Does realloc free the former buffer if it fails?

No, it does not. That aspect has often annoyed me since you can’t just use:

if ((buff = realloc (buff, newsize)) == NULL)
    return;

in your code if you want to free the original on failure. Instead you have to do something like:

if ((newbuff = realloc (buff, newsize)) == NULL) {
    free (buff);
    return;
}
buff = newbuff;

Of course, I understand the rationale behind keeping the original buffer intact on failure but my use case has popped up enough that I generally code my own functions to handle that case, something like:

// Attempt re-allocation. If fail, free old buffer, return NULL.
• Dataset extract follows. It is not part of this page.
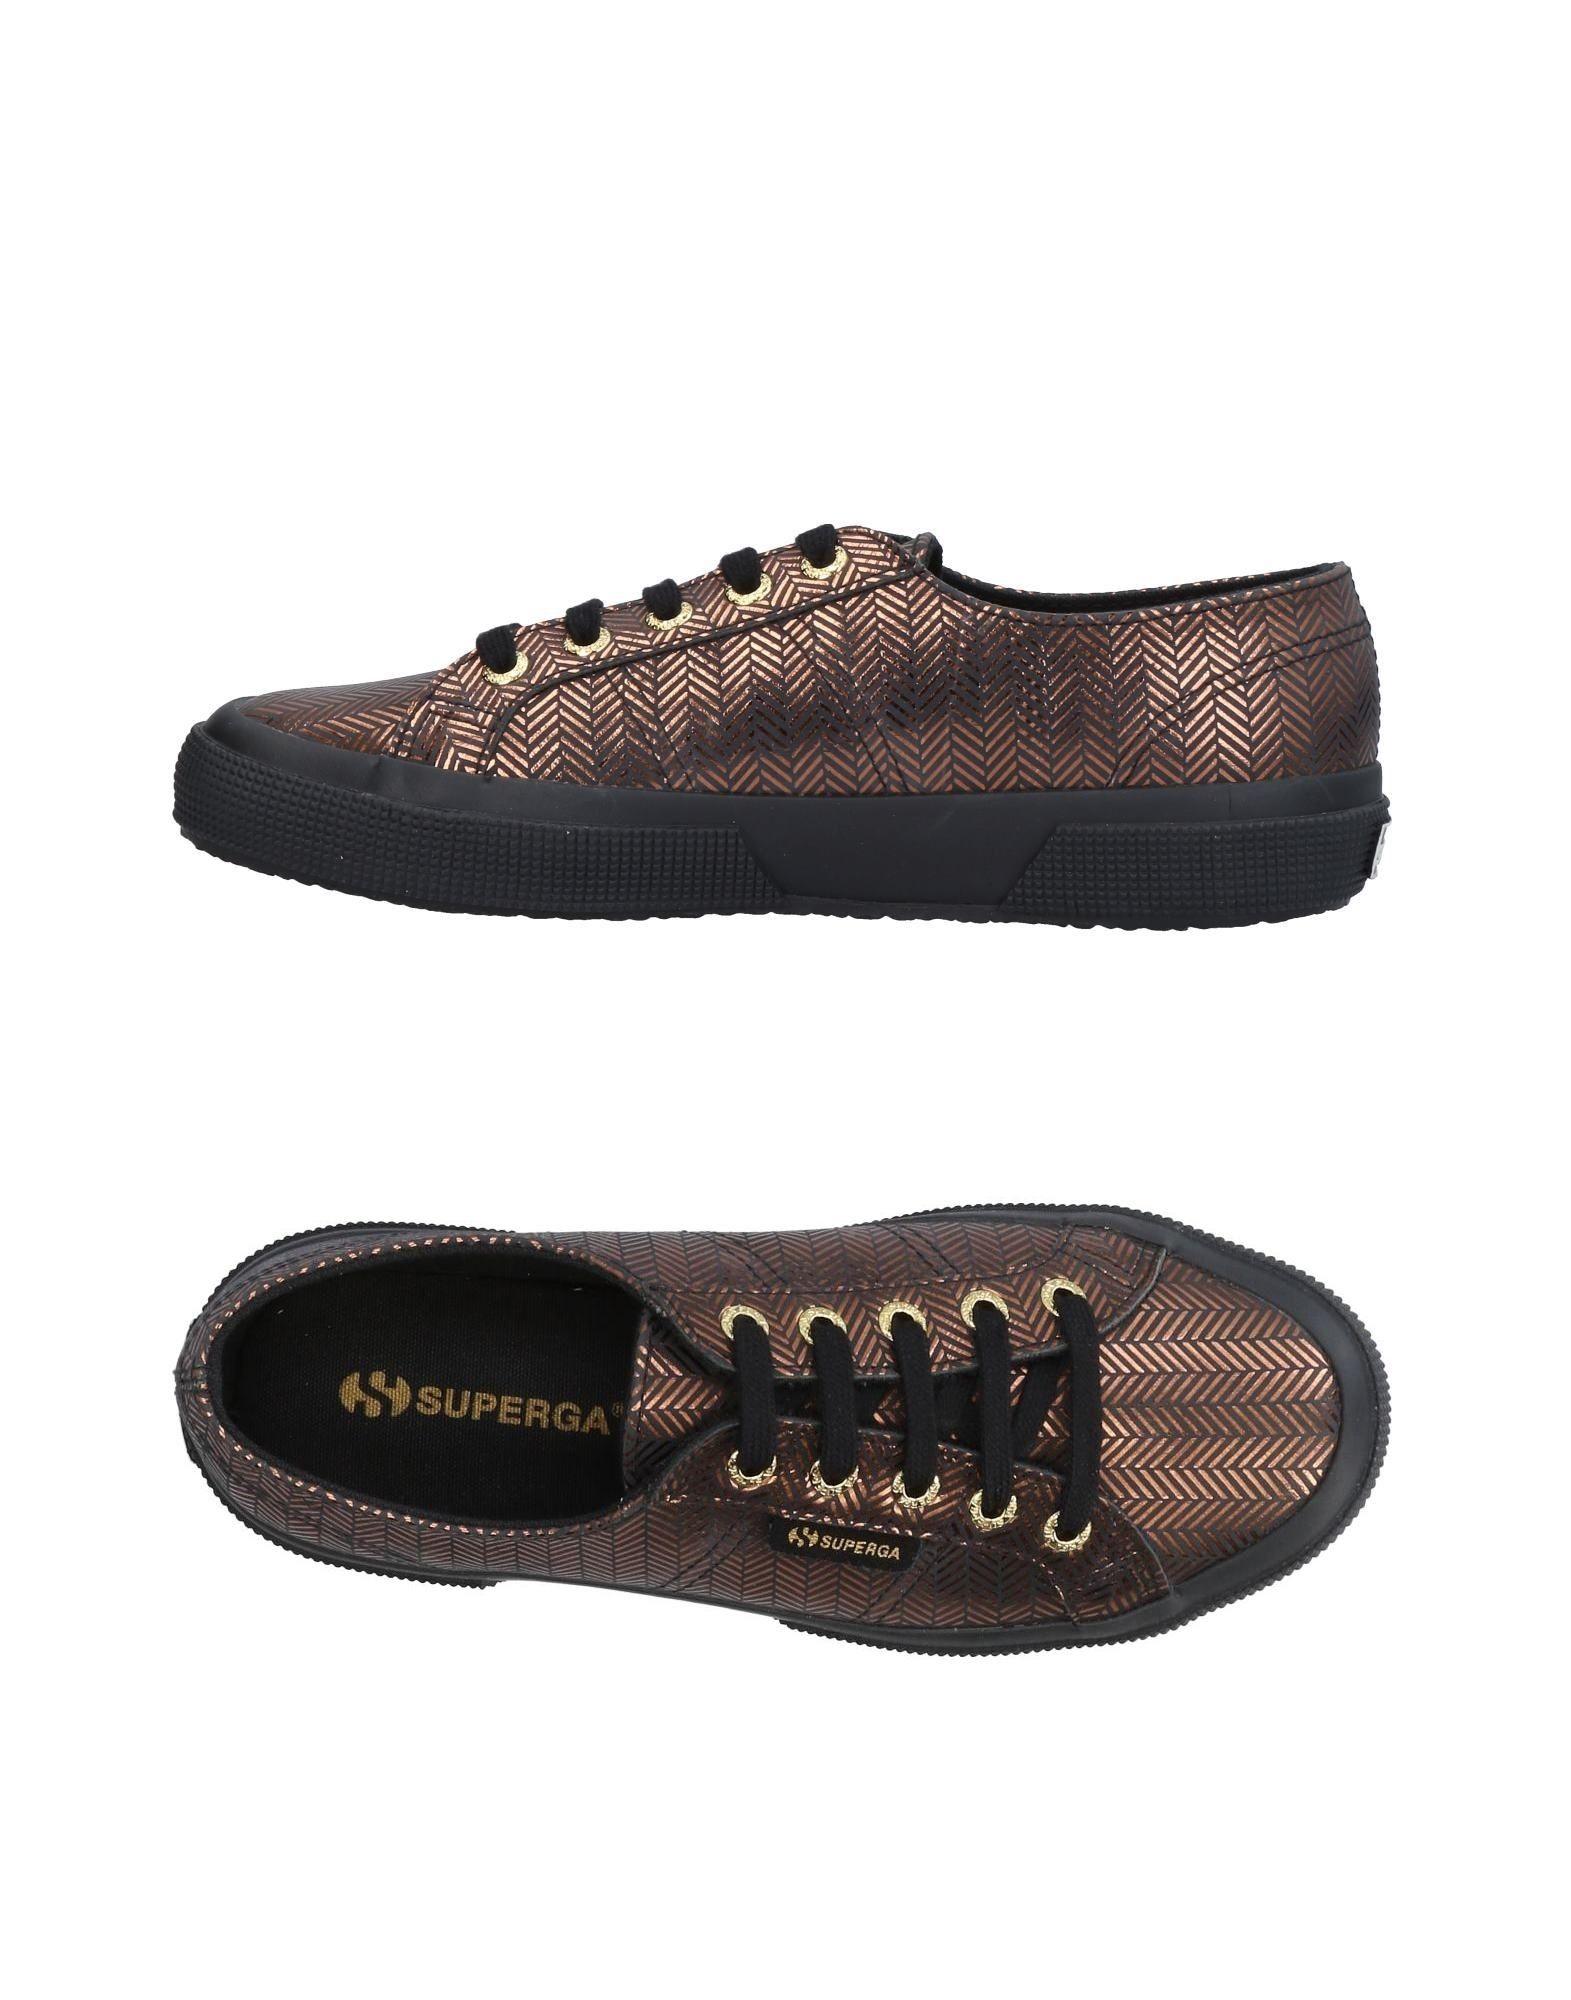 Zapatillas - Superga® Mujer - Zapatillas Zapatillas Superga®  Café cdfbc8

static void *reallocFreeOnFail (void *oldbuff, size_t sz) {
    void *newbuff = realloc (oldbuff, sz);
    if (newbuff == NULL) free (oldbuff);
    return newbuff;
}

// Attempt re-allocation. If fail, return original buffer.
// Variable ok is set true/false based on success of re-allocation.

static void *reallocLeaveOnFail (void *oldbuff, size_t sz, int *ok) {
    void *newbuff = realloc (oldbuff, sz);
    if (newbuff == NULL) {
        *ok = 0;
        return oldbuff;
    }

    *ok = 1;
    return newbuff;
}

The relevant section in the C11 standard states (my italics):

7.20.3.4 The realloc function

If ptr is a null pointer, the realloc function behaves like the malloc function for the
specified size. Otherwise, if ptr does not match a pointer earlier returned by the
calloc, malloc, or realloc function, or if the space has been deallocated by a call
to the free or realloc function, the behavior is undefined. If memory for the new
object cannot be allocated, the old object is not deallocated and its value is unchanged.